Background: More accurate diagnostic methods are pressingly needed to diagnose breast cancer, the most common malignant cancer in women worldwide. Blood-based metabolomics is a promising diagnostic method for breast cancer. However, many metabolic biomarkers are difficult to replicate among studies.
Methods: We propose that higher-order functional representation of metabolomics data, such as pathway-based metabolomic features, can be used as robust biomarkers for breast cancer. Towards this, we have developed a new computational method that uses personalized pathway dysregulation scores for disease diagnosis. We applied this method to predict breast cancer occurrence, in combination with correlation feature selection (CFS) and classification methods.

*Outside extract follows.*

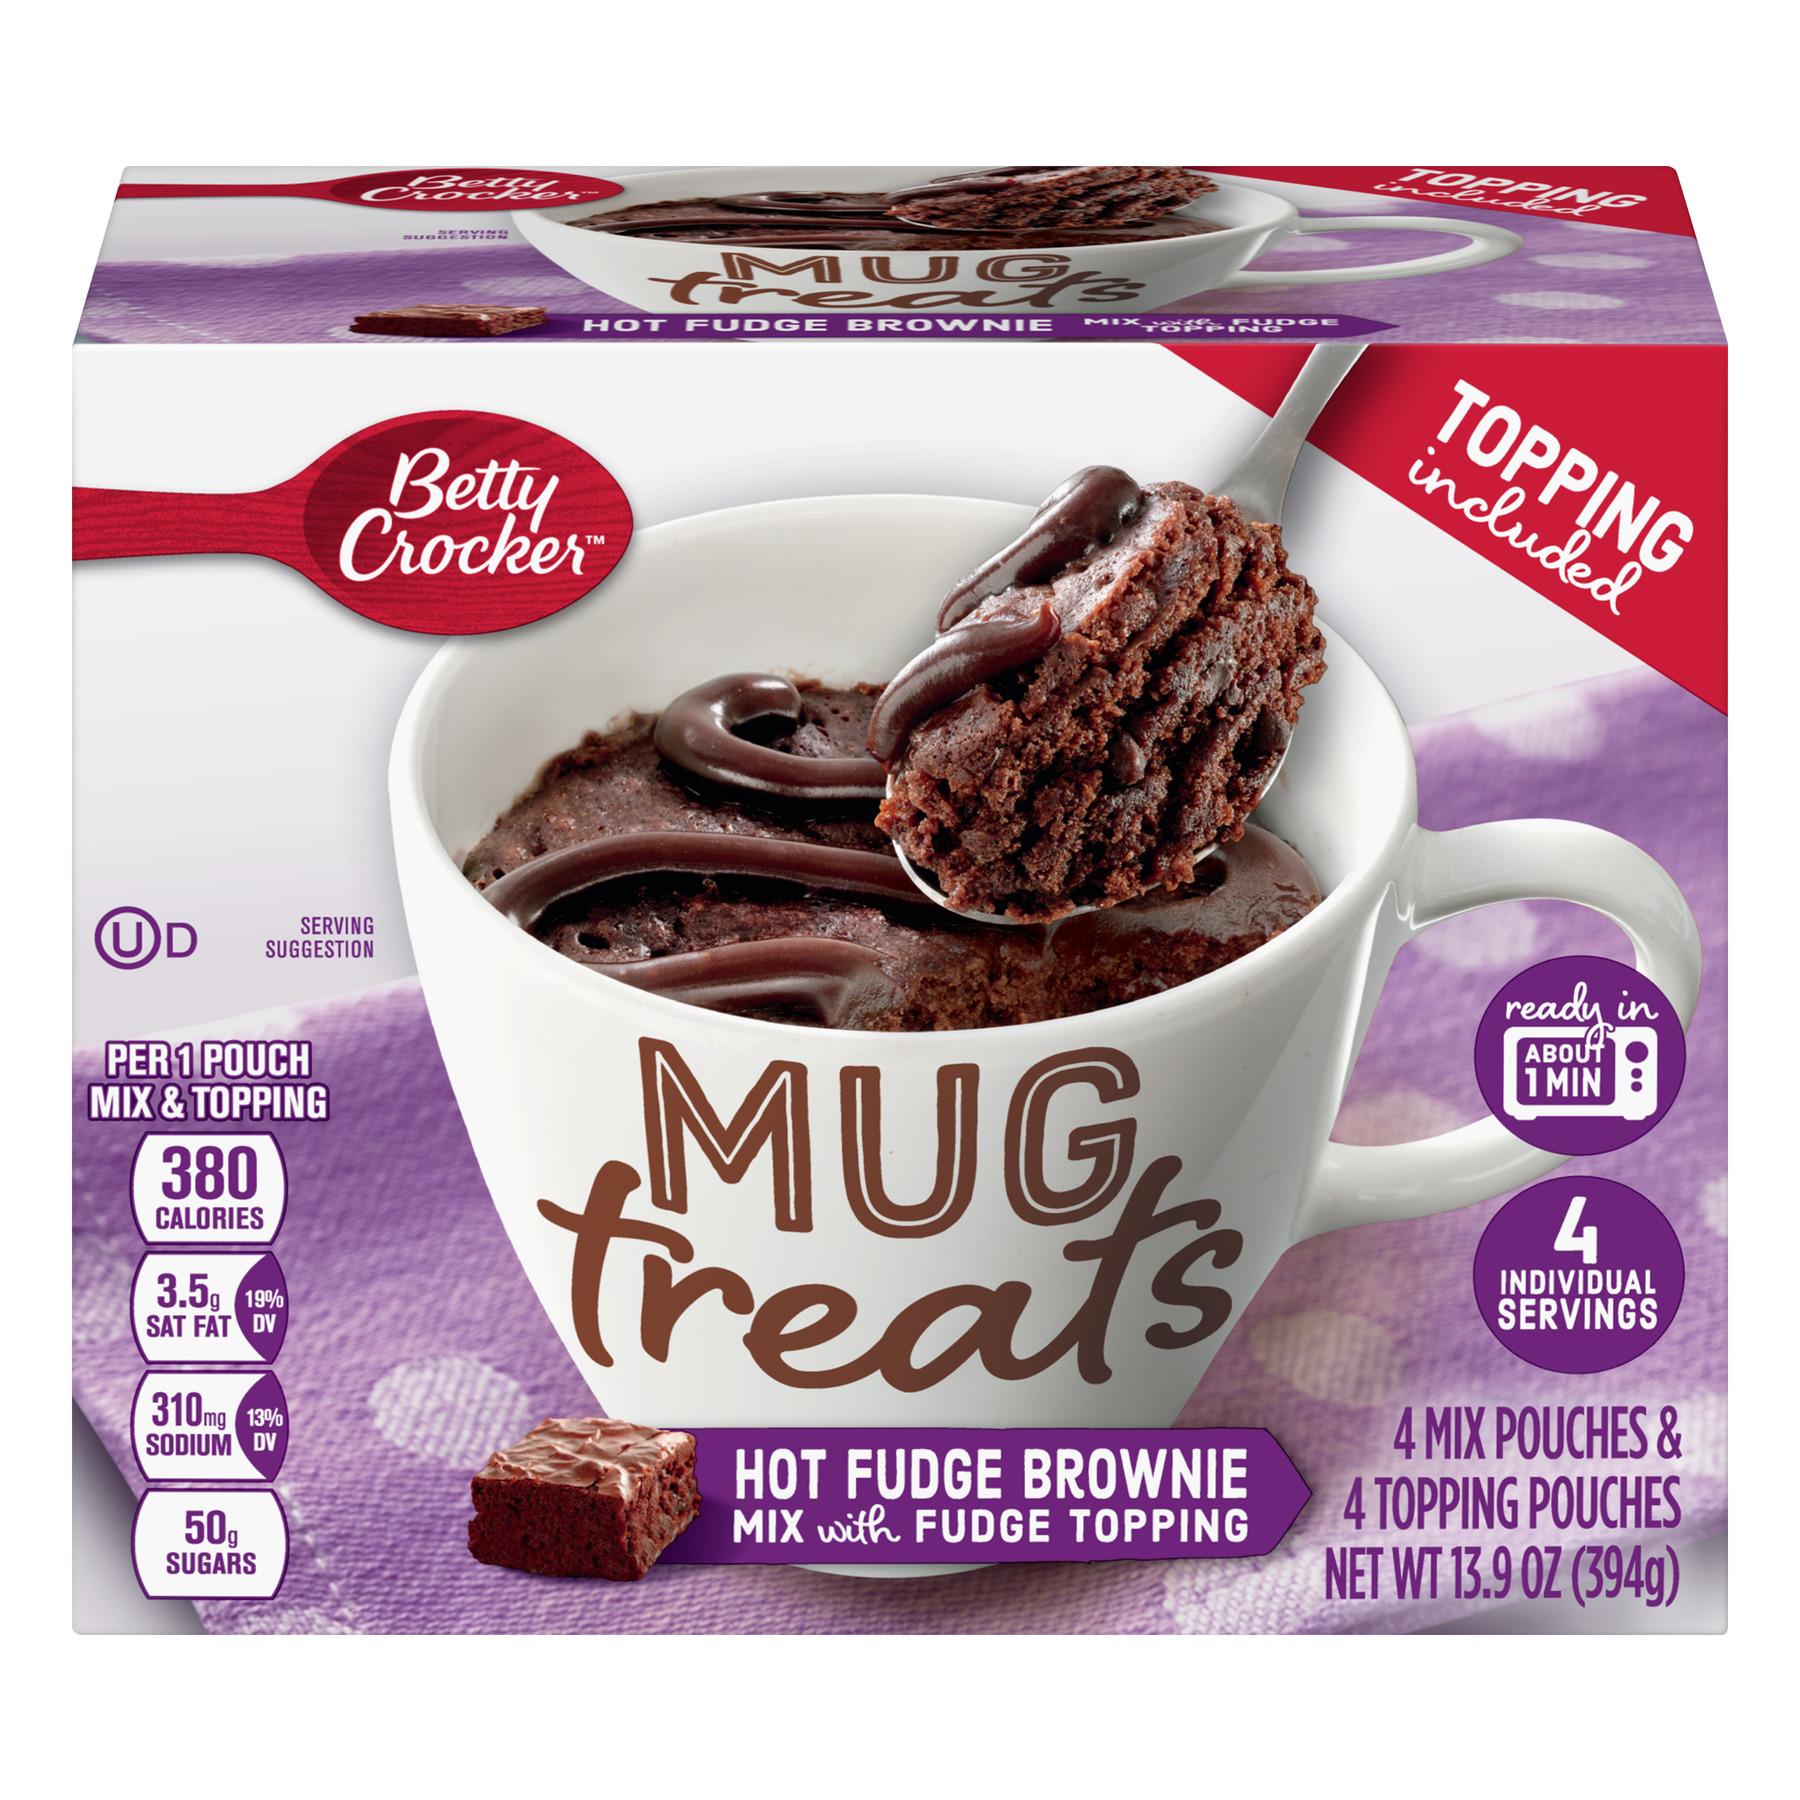 (6 Pack) Betty Crocker Mug Treats Hot Fudge Brownie
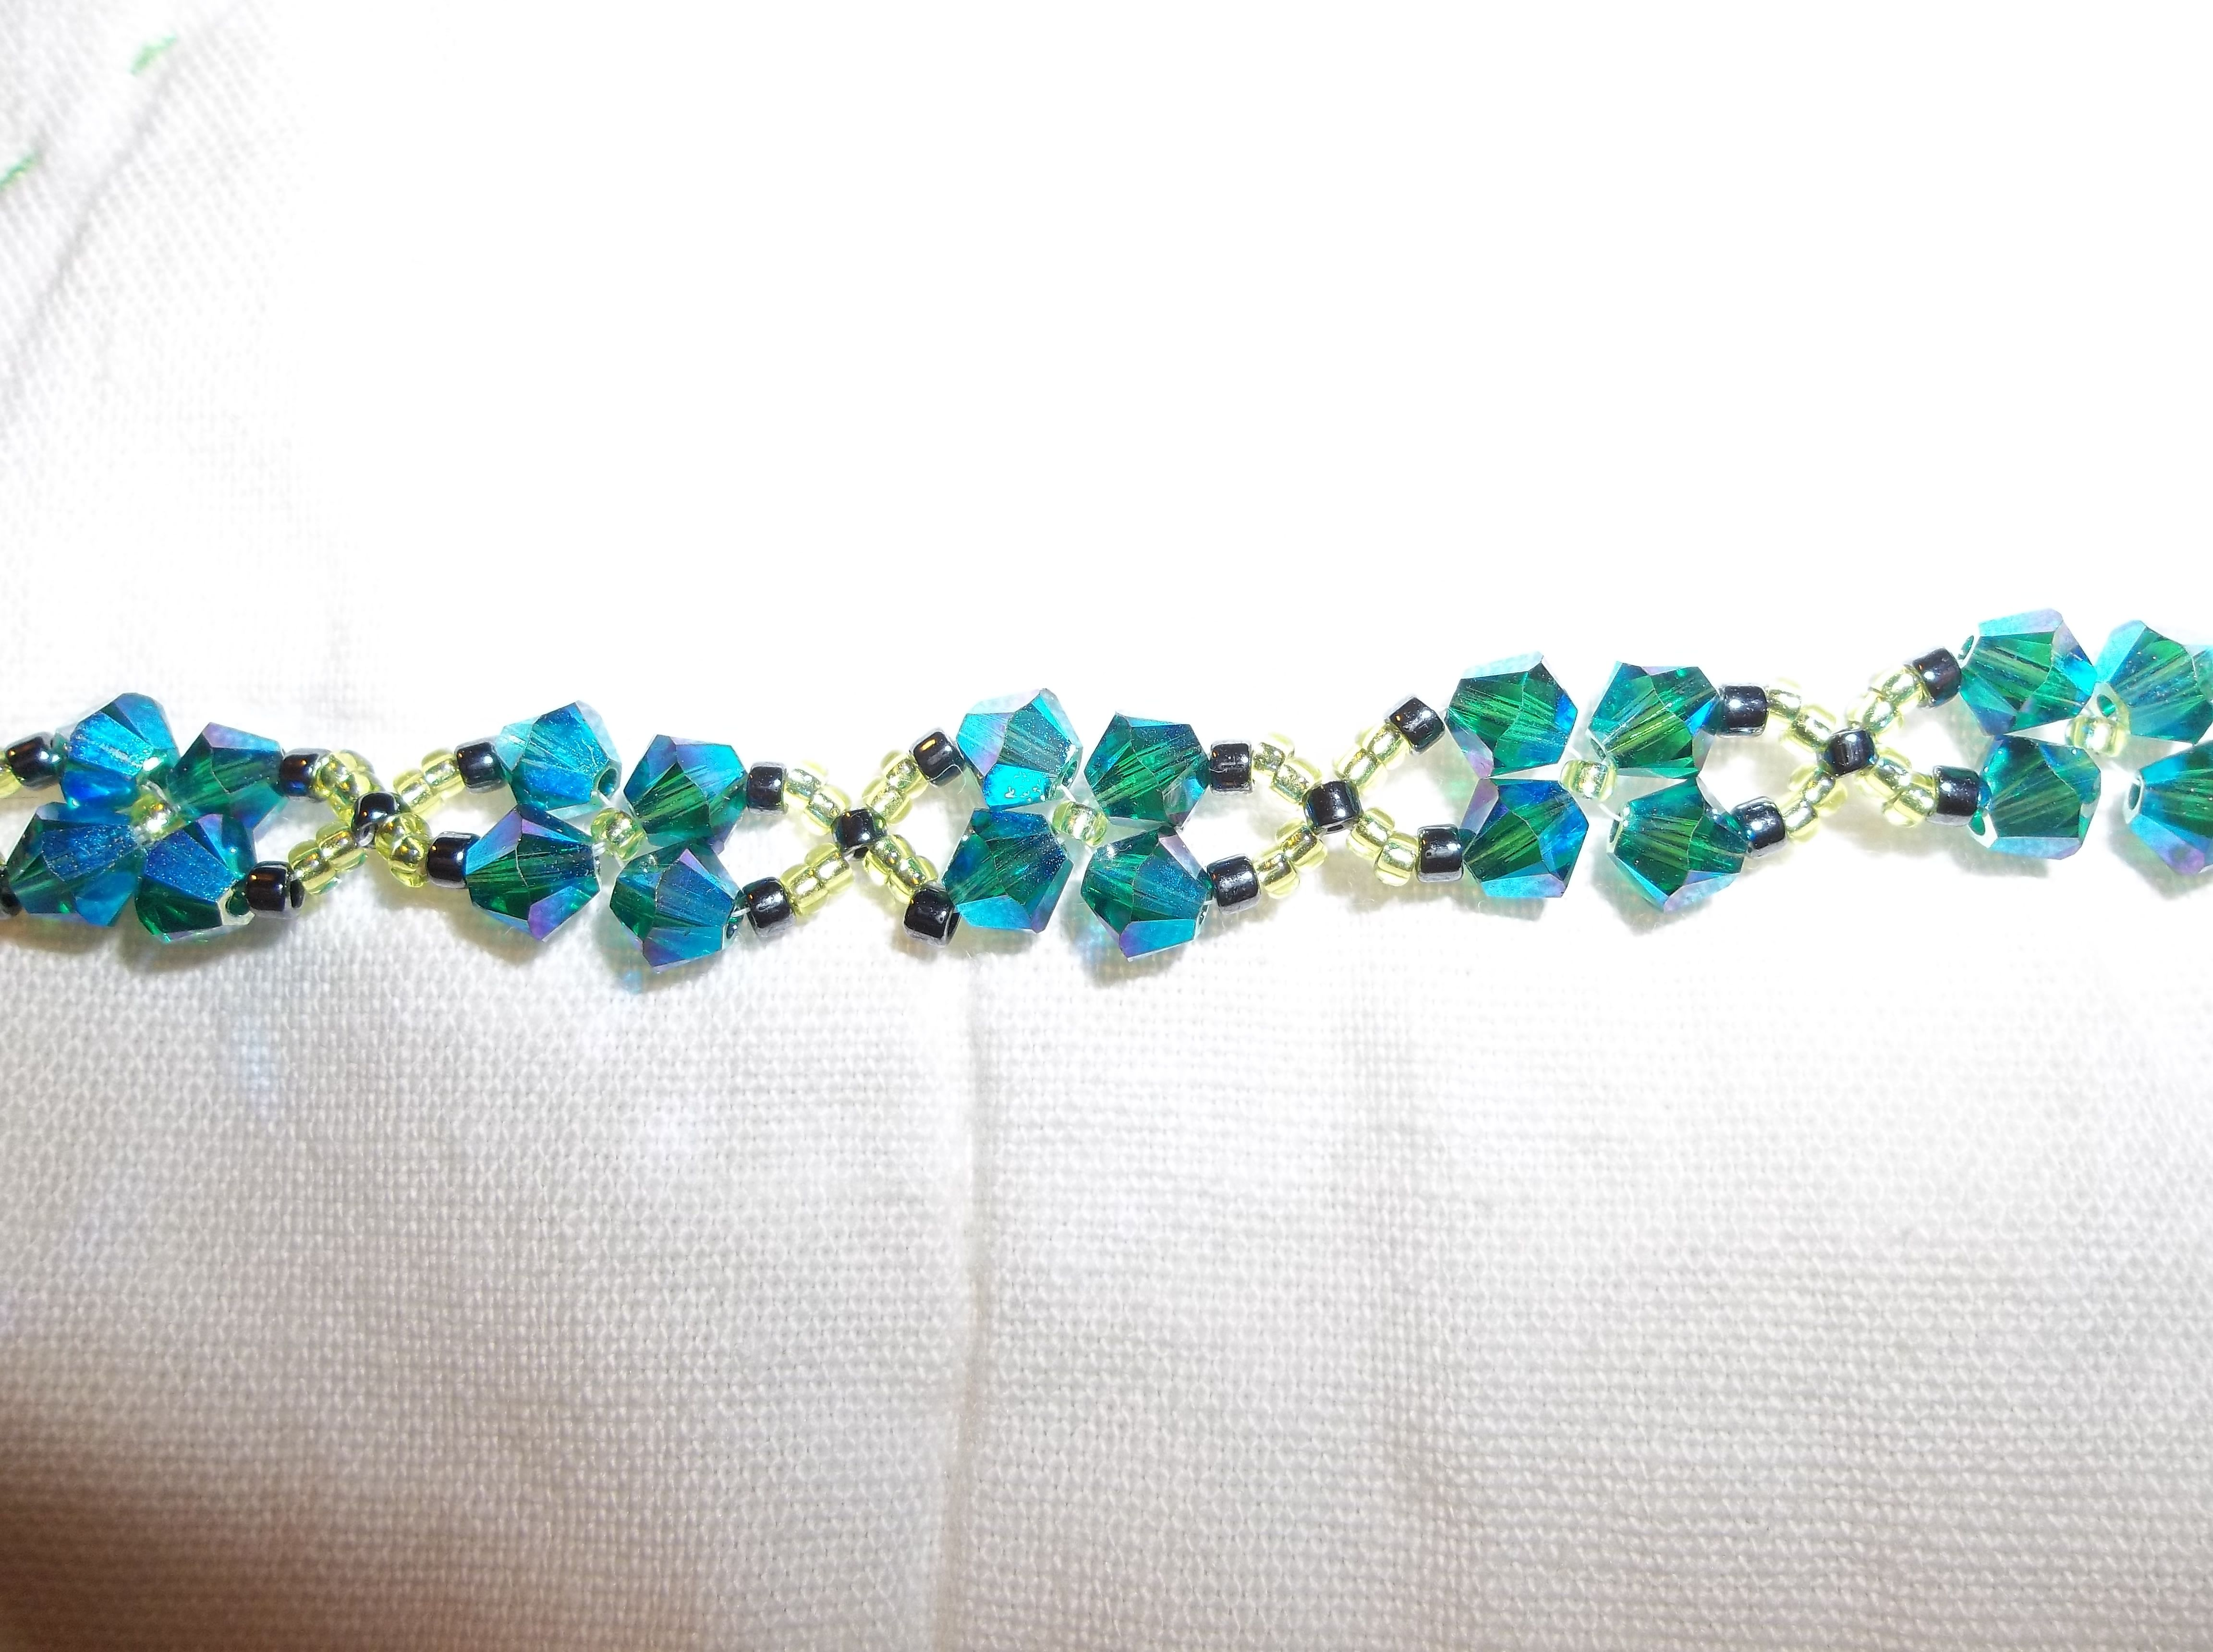 Another bracelet

Results: The resulting all-stage and early-stage diagnosis models are highly accurate in two sets of testing blood samples, with average AUCs (Area Under the Curve, a receiver operating characteristic curve) of 0.968 and 0.934, sensitivities of 0.946 and 0.954, and specificities of 0.934 and 0.918. These two metabolomics-based pathway models are further validated by RNA-Seq-based TCGA (The Cancer Genome Atlas) breast cancer data, with AUCs of 0.995 and 0.993. Moreover, important metabolic pathways, such as taurine and hypotaurine metabolism and the alanine, aspartate, and glutamate pathway, are revealed as critical biological pathways for early diagnosis of breast cancer.
Conclusions: We have successfully developed a new type of pathway-based model to study metabolomics data for disease diagnosis. Applying this method to blood-based breast cancer metabolomics data, we have discovered crucial metabolic pathway signatures for breast cancer diagnosis, especially early diagnosis. Further, this modeling approach may be generalized to other omics data types for disease diagnosis.